Mr. Edsall contributes a weekly column from Washington, D.C. on politics, demographics and inequality.
- March 10, 2021
In the wake of the 2020 election, Democratic strategists are worried — very worried — about the future of the Hispanic vote. One in 10 Latinos who supported Hillary Clinton in 2016 switched to Donald Trump in 2020.
Although the Hispanic electorate is often treated as a bloc, it is by no means a monolith. It is, in fact, impossible to speak of “the Hispanic vote” — in practice it is variegated by region, by country of origin, by ideology, by how many generations have lived in the United States, by depth of religiosity (and increasingly denomination), as well as a host of other factors.
From 1970 to 2019, the number of Latinos in the United States increased from 9.6 million to 60.6 million, according to Pew Research. The number is projected by the census to reach 111.2 million, or 28 percent of the nation’s population, by 2060.
Public Opinion Strategies, which conducts surveys for NBC News/Wall Street Journal, provided me with data on presidential voting from 2012 to 2020 that show significant Republican gains among the roughly 30 percent of Black and Hispanic voters who self-identify as conservative.
From 2012 to 2020, Black conservatives shifted from voting 88-7 for the Democratic candidate to 76-17. Black conservative allegiance to the Democratic Party fell by less, from 75 percent Democratic, 9 percent Republican to 71 percent Democratic, 16 percent Republican.
The changes in voting and partisan allegiance, however, were significantly larger for self-identified Hispanic conservatives. Their presidential vote went from 49-39 Democratic in 2012 to 67-27 Republican in 2020. Their partisan allegiance over the same period went from 50-37 Democratic to 59-22 Republican.

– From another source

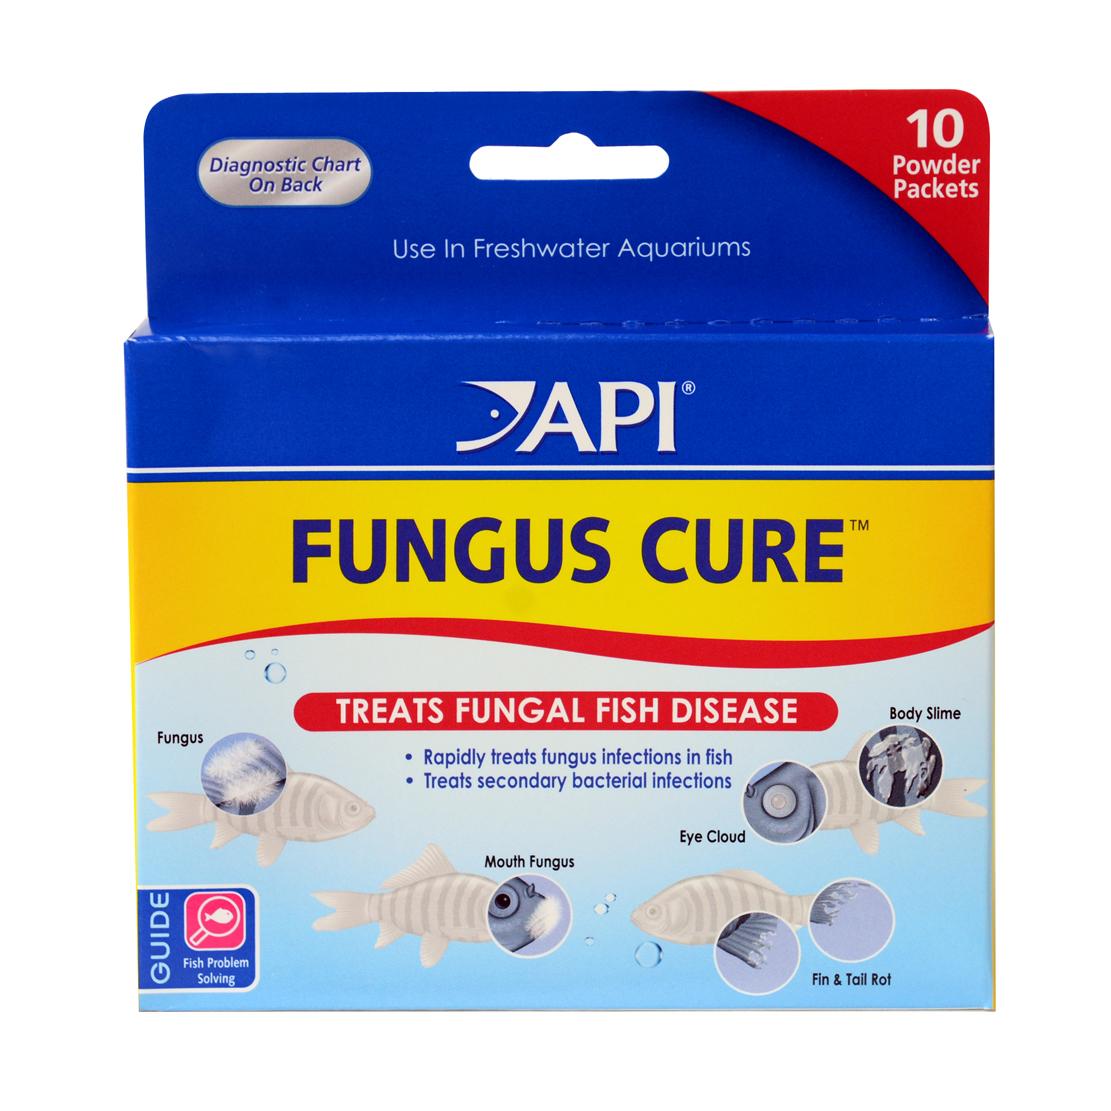 FUNGUS CURE™

The 2020 expansion of Republican voting among Hispanics and Asian-Americans — and to a lesser extent among African-Americans — deeply concerns the politicians and strategists seeking to maintain Democratic control of the House and Senate in 2022, not the mention the White House in 2024.

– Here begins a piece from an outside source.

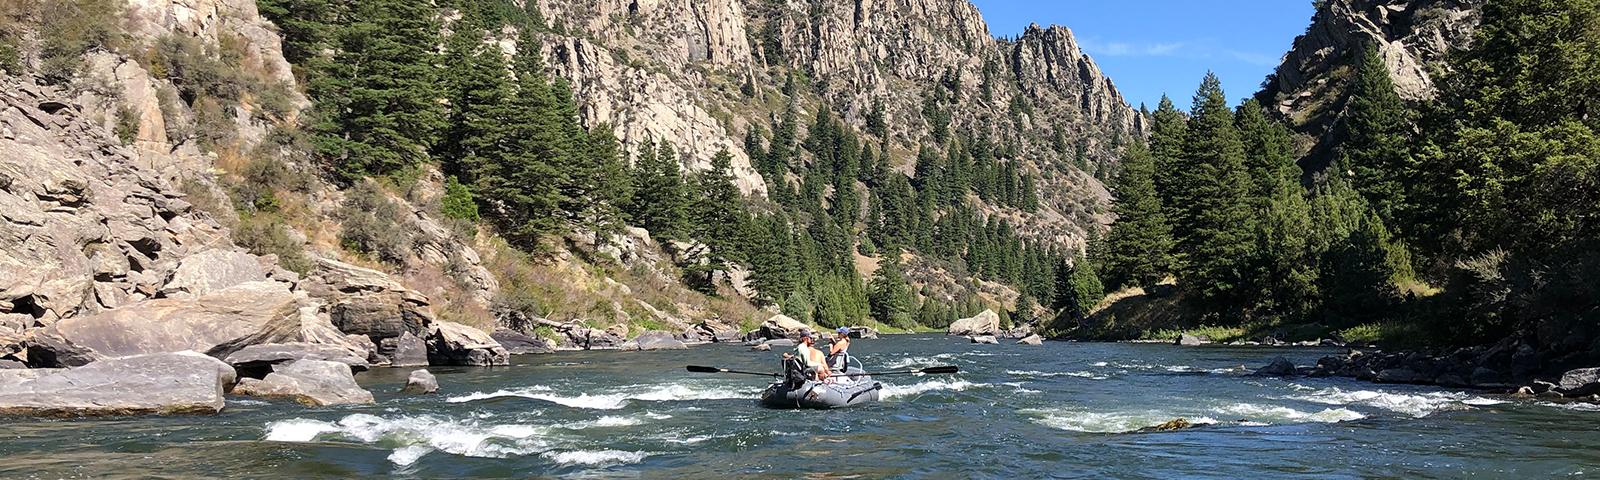 rafting-montana copy

The defection of Hispanic voters, together with an approximately 3 point drop in Black support for Joe Biden compared with Hillary Clinton, threatens a pillar of Democratic competitive strength, especially among Black men: sustained high margins of victory among minority voters whose share of the population is enlarging steadily.
The increased level of support for the Republican Party among minority voters has raised the possibility that the cultural agenda pressed by another expanding and influential Democratic constituency — well-educated, young activists with strongly progressive views — is at loggerheads with the socially conservative beliefs of many older minority voters — although liberal economic policies remain popular with both cohorts. This social and cultural mismatch, according to some observers, is driving a number of minority voters into the opposition party.
Joshua Estevan Ulibarri, a partner in the Democratic polling firm, Lake Research, argues that a substantial number of Latinos do not view themselves as people of color, reject a political alliance based on that bond and “want to be seen as white or as part of the mainstream.”
Ulibarri emailed me to say that he believes that “Hispanics see what white America has done to Black America, and the backlash leads to more G.O.P. votes.”
In shifting their vote from Democratic to Republican, Ulibarri contends, “it is not just partisan identity they are shedding, but also some racial identity as well.” In the past, “they may have been conservative and Latino, but you were Latino first and the way you were treated as a group and discriminated against trumped some ideology. Now, less so.”
The Democratic Party, Ulibarri said, is responsible in part for the losses it has suffered:
It is not just conservative men who have drifted away from Democrats. More and more younger people are identifying less with my party not because they are Republican or conservative, but because Democrats do not keep their word; Democrats are weak. And who wants to align with the weak?
Ian F. Haney López, a law professor at Berkeley, who wrote about the danger to the Democrats of Hispanic defections in a September 2020 Times oped, expanded his argument in an email on the Lake Research study of Hispanic voters, which found most Latinos fell into three categories.
The first, roughly a quarter of the Hispanic population, is made up of those who self-identify as people of color, according to the study, “as a group that, like African Americans, remains distinct over generations.”
What should the Biden administration prioritize?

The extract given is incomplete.